Are we in the business of building, maintaining and operating <thing to build> or do we want to buy that as a service instead and focus on our actual core business?

There's more to the cost of building and operating than just the hard costs.

Retaining good modern IT talent is getting harder and harder - and I'm not even talking about salaries.. You need a whole department including strong leaders who can hire, train, and lead the right people, etc..

This is something most companies wouldn't even know where to start with.

ClimaxGravely

I'm a former build engineer and used to do everything on prem and I gotta say I miss it (not being a build engineer, the on prem experience). Since those days pretty much every company I've worked at moved their CI/CD to the cloud and I gotta say it feels so much slower, even when working from home.

I remember twice switching from an in-house jenkins/teamcity/whatever type of CI to Azure devops and the thing I remember the most was how much longer it took a build to complete as well as the massively longer time downloading a build from Azure vs from within the office. Even when working from home the on-prem stuff was faster.

The thing is, the build/devops teams seem to be about the same size in both cases. It's just kind of worse in pretty much every case when we do CI in the cloud.

Notes

- My experiences are largely for game development so the build times and artifact sizes can be quite large.

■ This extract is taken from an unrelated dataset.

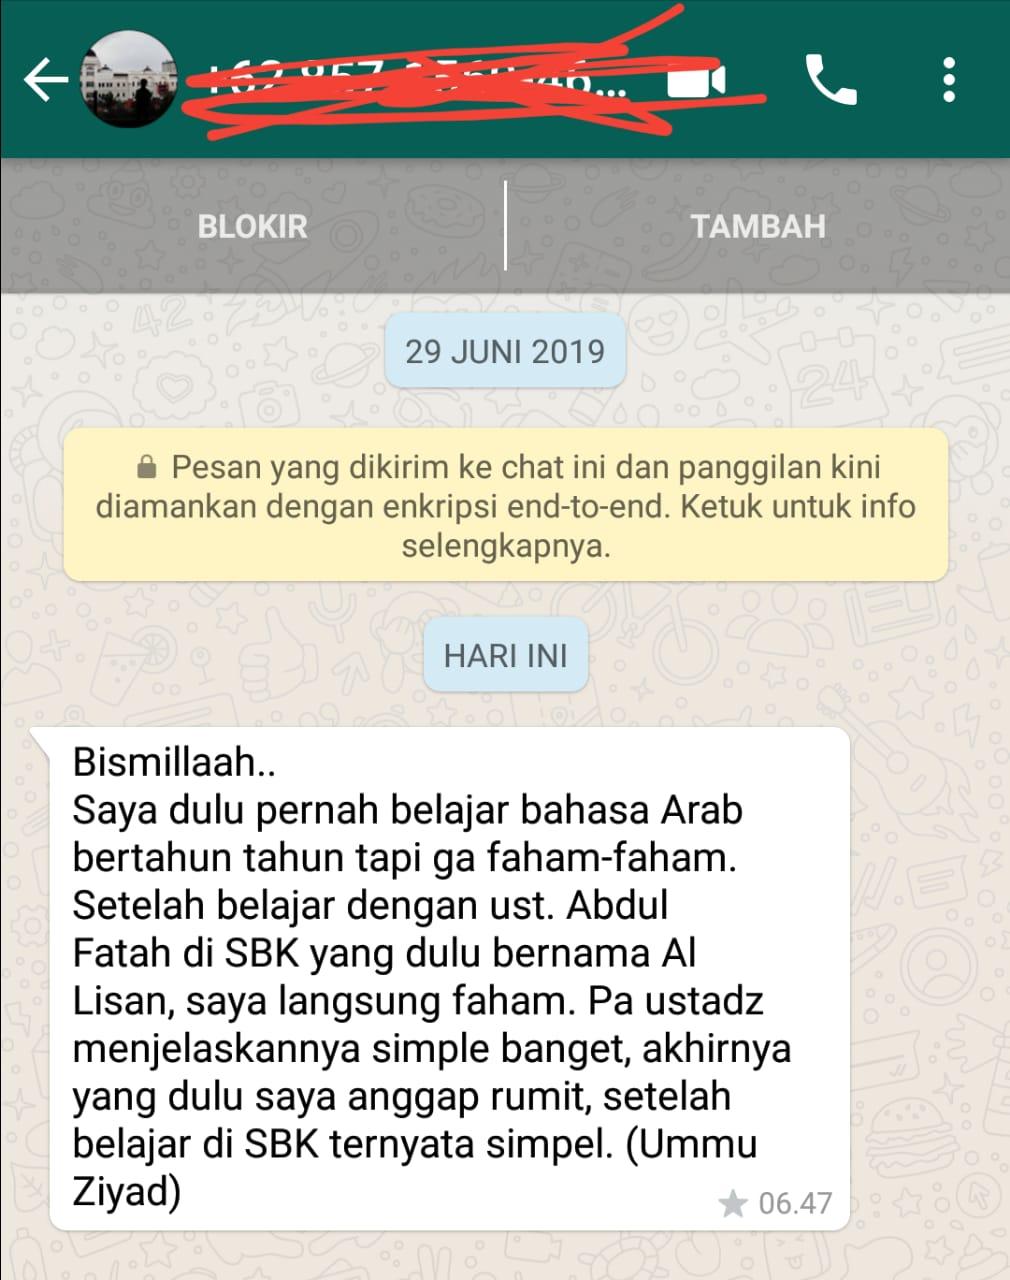 WhatsApp-Image-2019-08-24-at-6.47.14-AM-1.jpeg

- I've only ever had CI/CD experience with Azure, I've not tried other cloud providers

- Since this is game development and we're using CI downtime is more acceptable than other cases. That said, I don't remember much downtime when I was working as a build engineer. I have seen periods of 1-2 hours of downtime once in a blue moon but then again I've seen that with Azure. In both cases it wasn't so much the setup but a build script deployment issue.

Also being able to cool off in the rack room when it's a hot day is always a treat :)

cherryswitch

Sometimes the flexibility and time savings is worth the added upfront cost. Similar to how companies like to hire consultants or lease office space. Being able to walk away is better for short term, because companies value profits in the short term.

whalesalad

You’ve never had to drive to the colo at 3am huh?

solardev

Where does this stop? Do you produce your own electricity? Farm your own food? Make your own silverware and shoes? Sometimes it's just easier to outsource the things you don't want to (or aren't good at) doing yourself.

If I wanted to host a website, sure, I can build a server out of parts and negotiate with my ISP and get a business pipe and handle all caching and such. Or like I can pay a provider $5/mo and get better performance and reliability with no management overhead. Yeah, maybe over 5 years I'd save more money doing it myself... but it's not worth the time.

If I wanted to generate a photo or a dozen, or a few paragraphs of text, that's like a few cents worth of cloud AI. Maybe low single-digit dollars. Or I could spend thousands on fat GPUs or a Macbook, spend forever training it, and still end up with a sub-par result.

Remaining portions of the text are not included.